And we all know how dangerous that can be.
I'm thinking of Aimee today. Not unusual, and today's thoughts are for no particular reason, just thinking of her. Actually not true. Some stuff on Facebook reminded me of her. That's all. So here's the thing. I still have moments, and you're going to think I'm crackers, where I think I should be able to shoot her an email, or pick up the phone and call her. There is still a small part in my brain that just simple re-fucking-fuses to believe/accept/process that she's really gone. And that sucks. Every time I have the realization all over again.

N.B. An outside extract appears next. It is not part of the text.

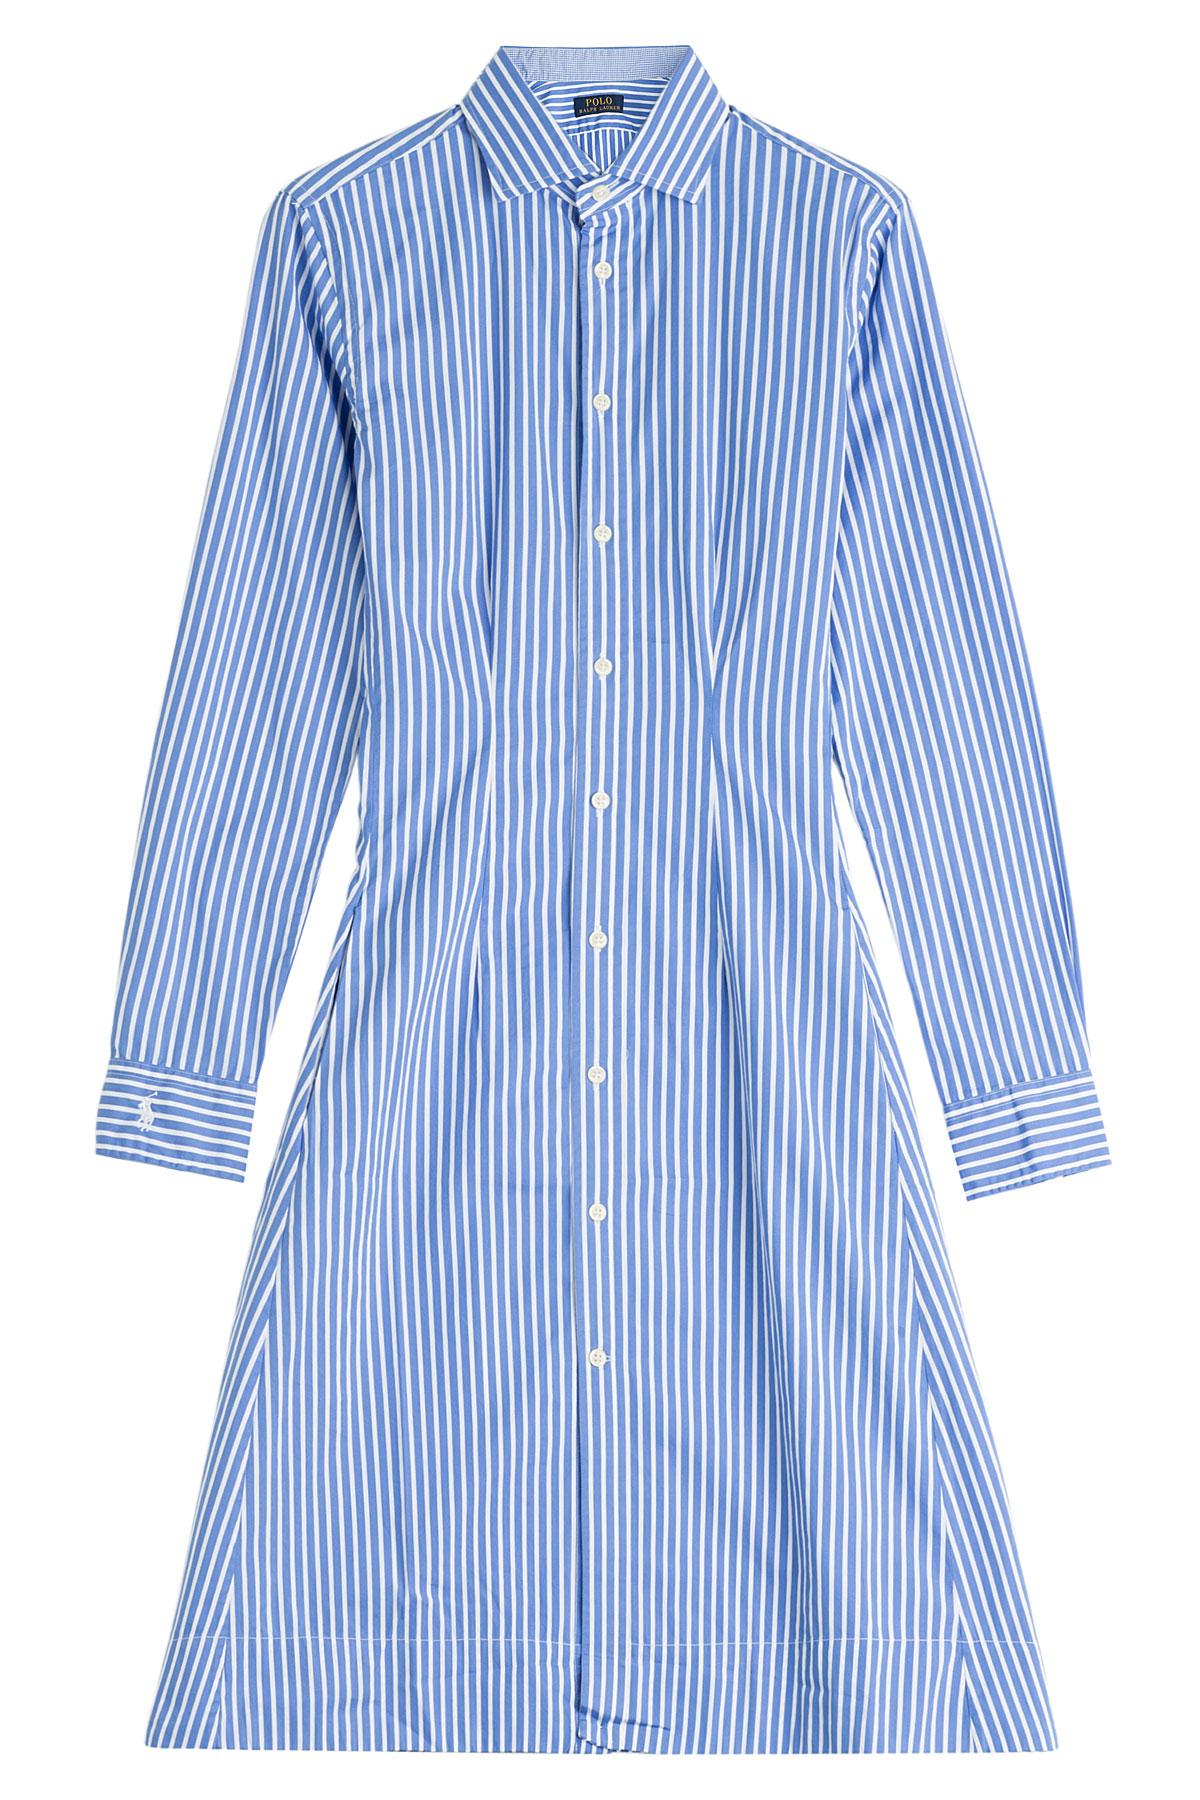 Polo Ralph Lauren Long Sleeve Olivia Cotton Shirt Dress In
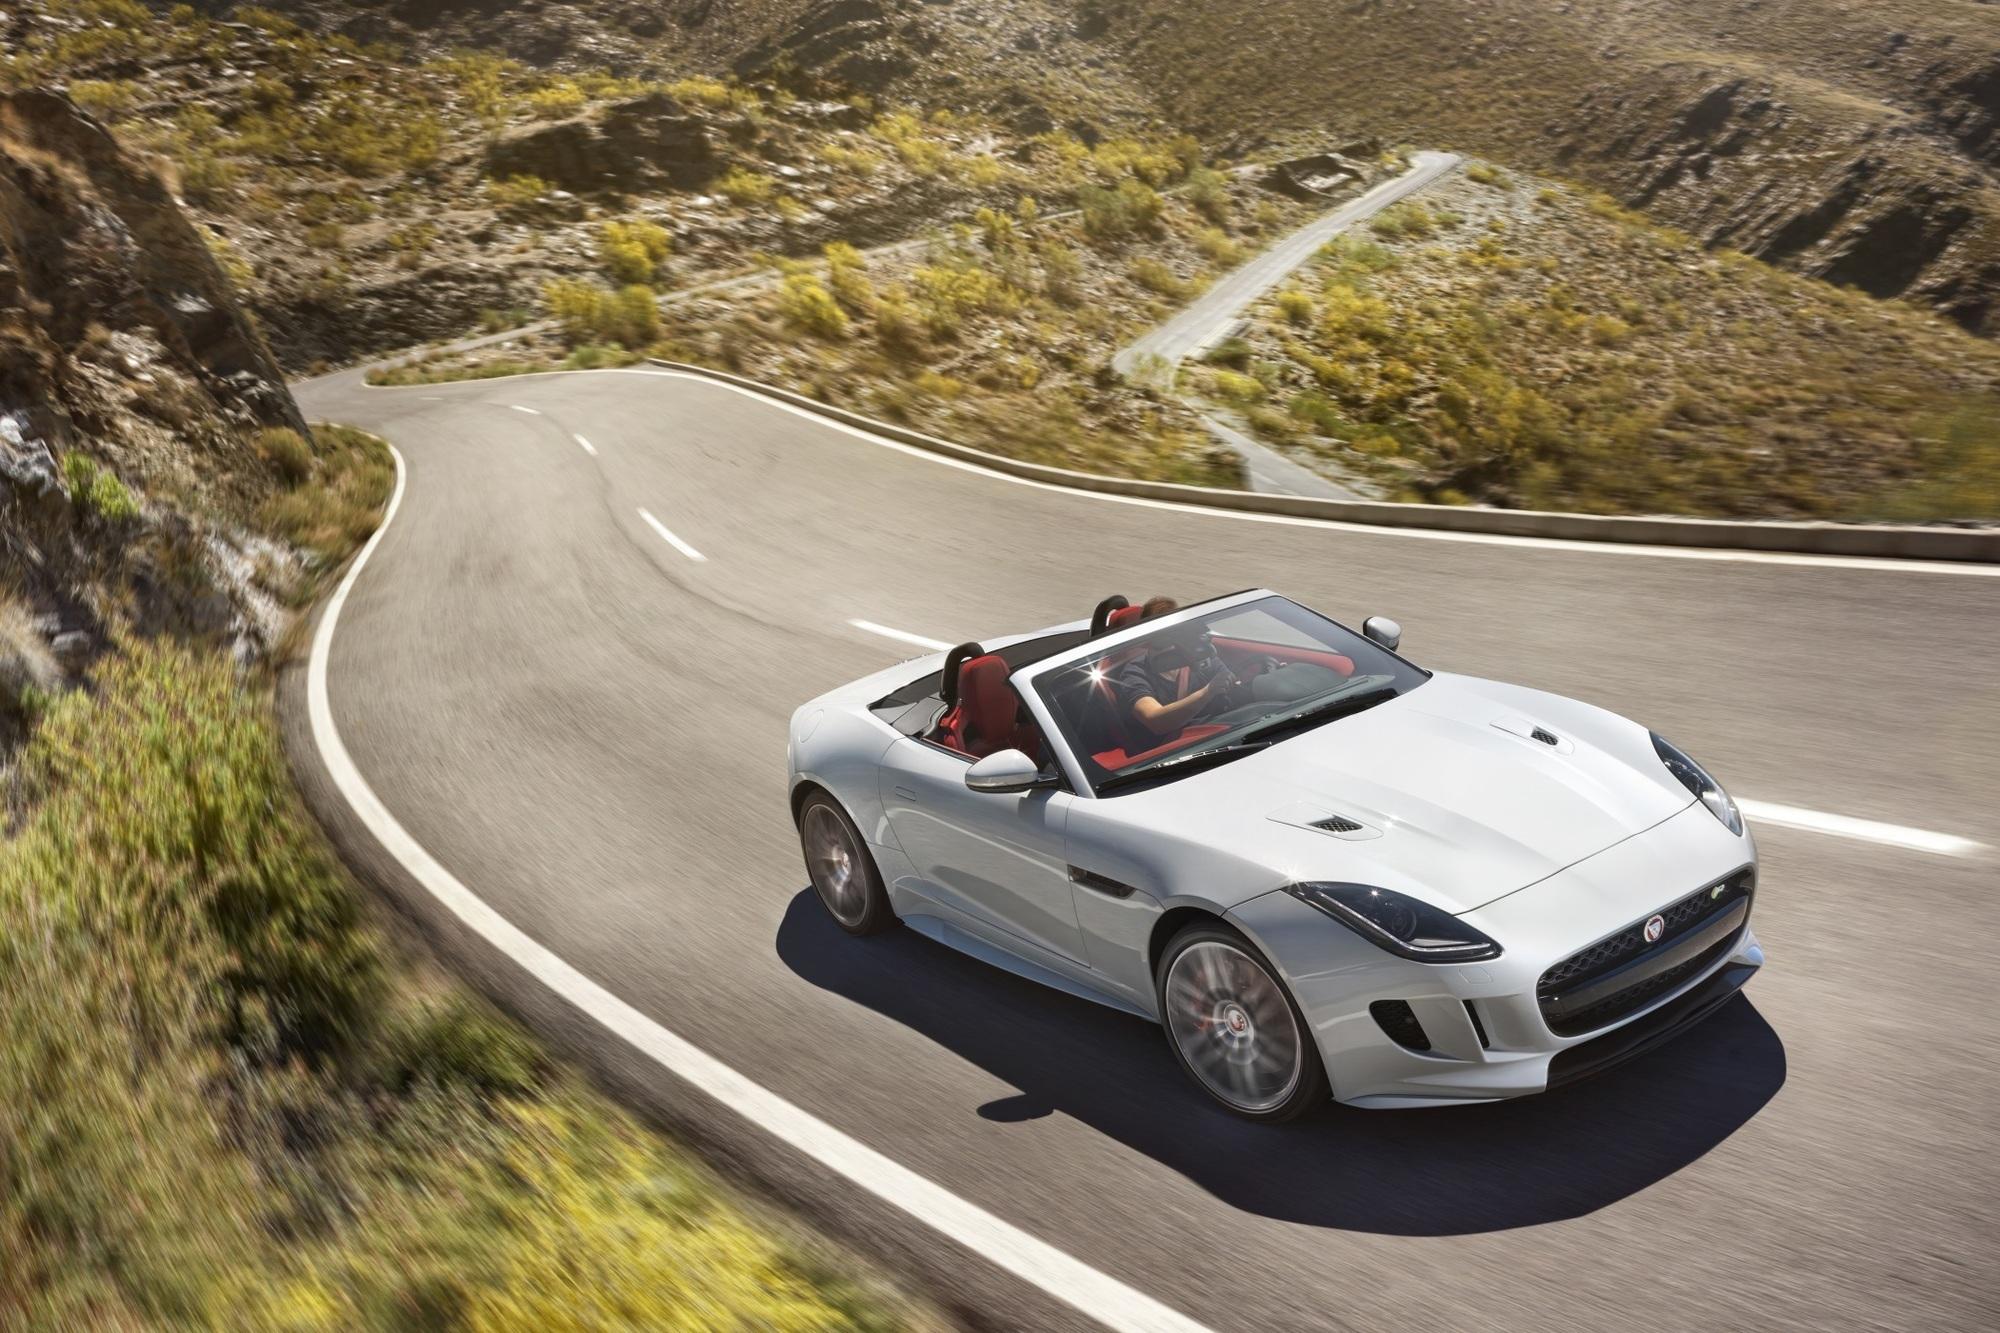 Fahrbericht: Jaguar F-Type AWD - Grip, Grip, Hurra

I'm thinking of cake truffles today. That's nothing new, I think of cake truffles every day. This week I'm doing fun fall/Thanksgiving ones, and they are going to be deelish and bee-u-teeful.
I'm thinking of my office. Unfortunately, it's gone the way of TRASHED again, and now requires another great paper movement.
I'm thinking that PBS's show "The Cat In The Hat", starring Martin Short as the cat, may have my new least-favorite songs E.V.E.R. "The thingamajigger is on its WAAAAY, go! go! go! go! on an adventure..." Wrist-slit-inducing, that one is...
I'm thinking I have the cutest kids ever. I have pics to prove it.
I'm thinking it's time to get Sam to school and get my but in gear around here today. And I'm thinking that this was a rather random, pointless blog entry. And I'm thinking that's OK. And I'm thinking I should stop typing now.